Theresa May’s terse, scripted style of speech could be the impatience of a serious politician with momentous work to get on with. The trouble is that it could also be the paranoia of a deeply average one in continual fear of exposure. Either way, it is rational. The repetition of slogans in lieu of answers carries no cost. Voters take so little notice of politics that a thousandth prime ministerial allusion to “strong and stable leadership” seems to them as fresh as a line coined on the spot. If this reads like an attempt to blame the public for the debasement of political communication into disembodied catchphrases, it is. Mrs May could not survive an election campaign saying so little so often if people paid attention.

The influx of a few hundred thousand people should not be enough to skew a great party to the left, and perhaps to ruin. In the mid-20th century age of mass participation — when Labour claimed 1m members in a less populous Britain — the centre might have held against the new arrivals. In 2015, when there were just 200,000 members, the centre folded like a deck chair.

In all three cases — Labour’s mess, lacklustre office-holders, impoverished rhetoric — it is short-sighted to blame the proximate culprits.

In my role as a commentator, I encounter just two attitudes to politics: indifference and obsession. A civic culture needs more hobbyists, engaged enough to scrutinise the news and join a party, but removed enough to bring a perspective born of civilian life.

People must get involved to salvage the product. The reluctance is understandable. Politics is full of people who discovered it in their youth and called off the search for other interests. On the right, there is something of the humid handshake and the sweaty upper lip about it. On the left, there is teenage shrillness and a taste for activism as an end in itself. If most citizens want no part of this world — this eternal students union — that is natural. But do not then feign surprise when this sect of obsessives has a material effect on your lives. You left them to it.

Our nearest equivalent for originality (   sometimes stretching to perversity ) is Newton Emerson. While of course he has plenty to say about politicians on all sides,  his latest is in the Irish News is about  Michelle O’Neill who is  the political leader Gerry Adams  thinks  we deserve. I  must say, she doesn’t  seem like a  new broom, more a robotic straw woman.

The fault  lies with the media for kludging O’Neill into a trite peace process narrative of the progressive new leader, apparently based on little more than observing her youth, gender and failure to turn up for work in a balaclava.

A better analysis of her promotion is needed and deserved.

The key question arising over O’Neill’s leadership is not whether she is proud of the IRA (she has said that she is) but whether her party will ever return to Stormont.

O’Neill was openly and single-handedly appointed by Gerry Adams to be ‘northern leader’ in this period of Stormont limbo, so her qualities as a politician send a message on that question.

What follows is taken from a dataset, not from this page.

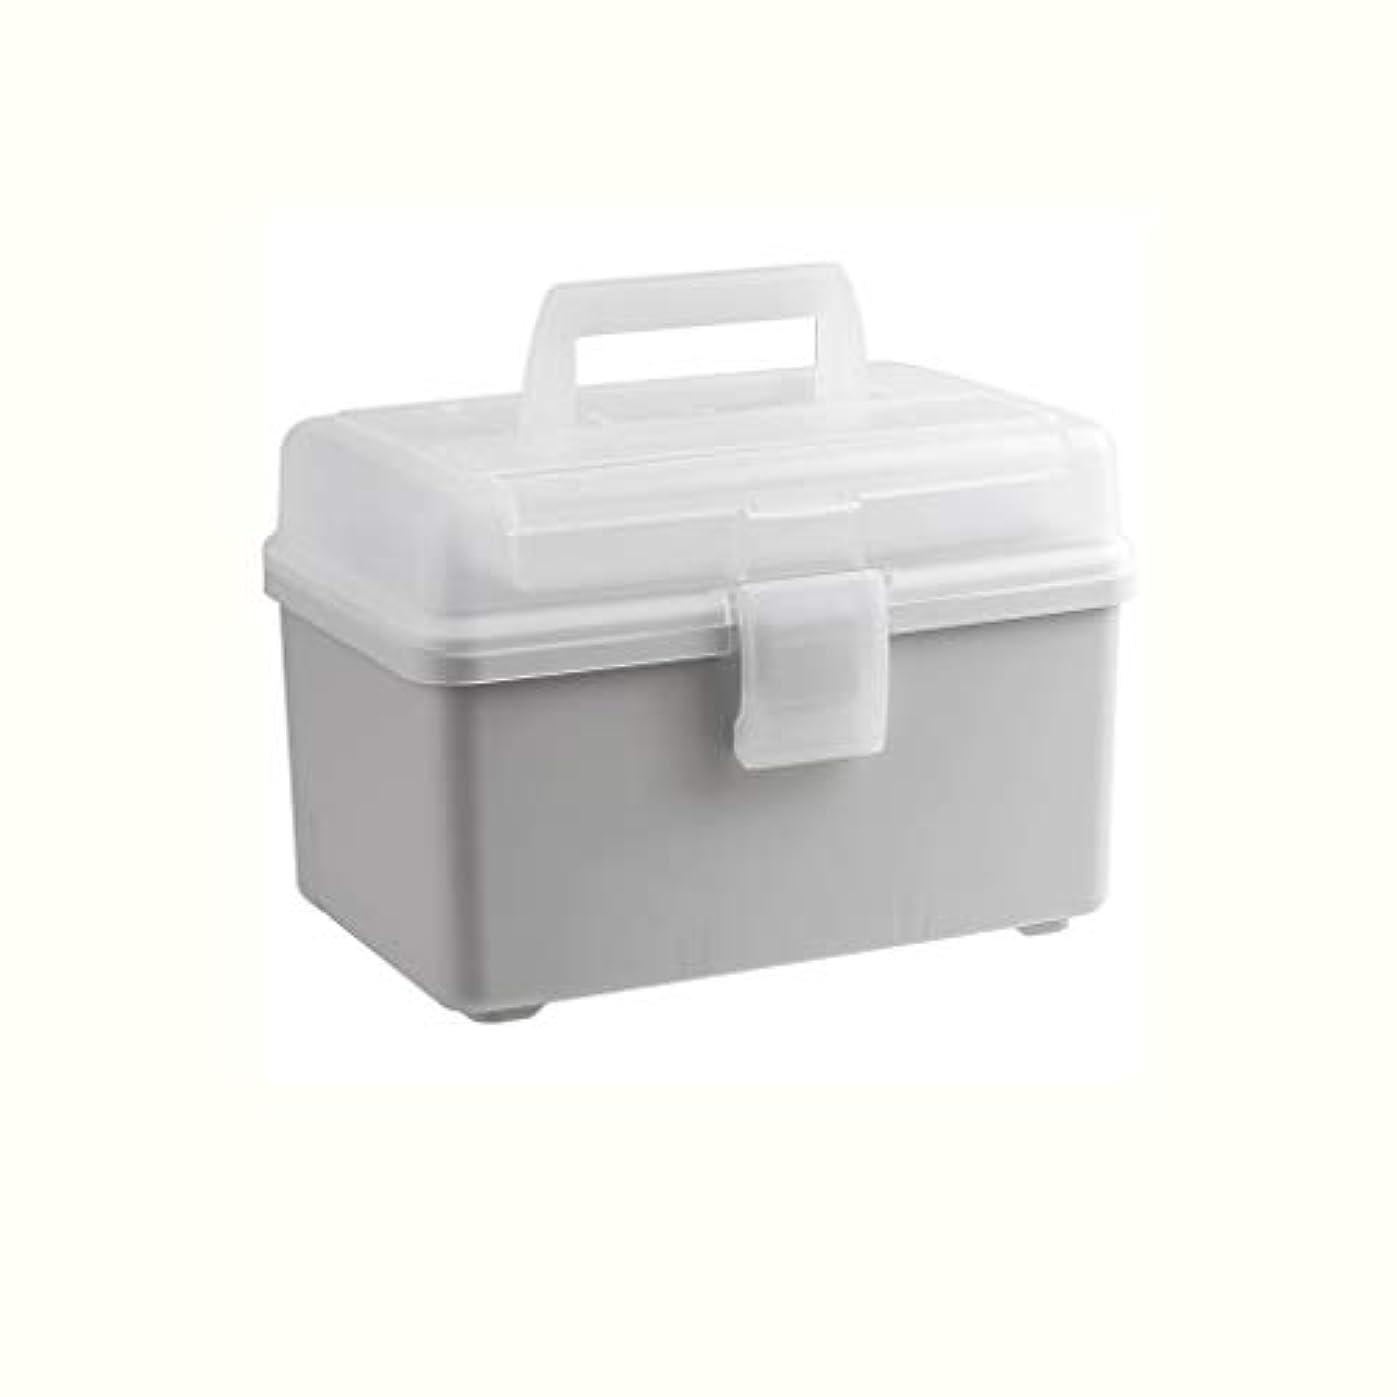 飾る虫を数える日常的に大容量薬箱家庭用ポータブル薬箱薬収納ボックスプラスチック薬箱 AMINIY (Color : Gray)

There may be some squeamishness in the media over acknowledging those qualities, for fear of seeming biased, prejudiced or rude. However, the blunt facts of the matter are that O’Neill has never been considered among the top tier of her party’s talent, that she is a dogmatic hardliner on the “freedom struggle” and that there is precious little evidence of her ever leading anyone.

On the contrary, Adams frequently speaks for her at press conferences, patronisingly asks if she has anything to add and even refers to her as “missus”. His behaviour towards her can seem like a disrespect agenda. It is certainly in sharp contrast to how he treats Mary Lou McDonald, the Sinn Féin deputy president and O’Neill’s approximate counterpart in the Dail.

Could that be precisely the point?

Perhaps indicating less respect for Stormont is the signal O’Neill has been chosen to send – and hardliners are the target audience.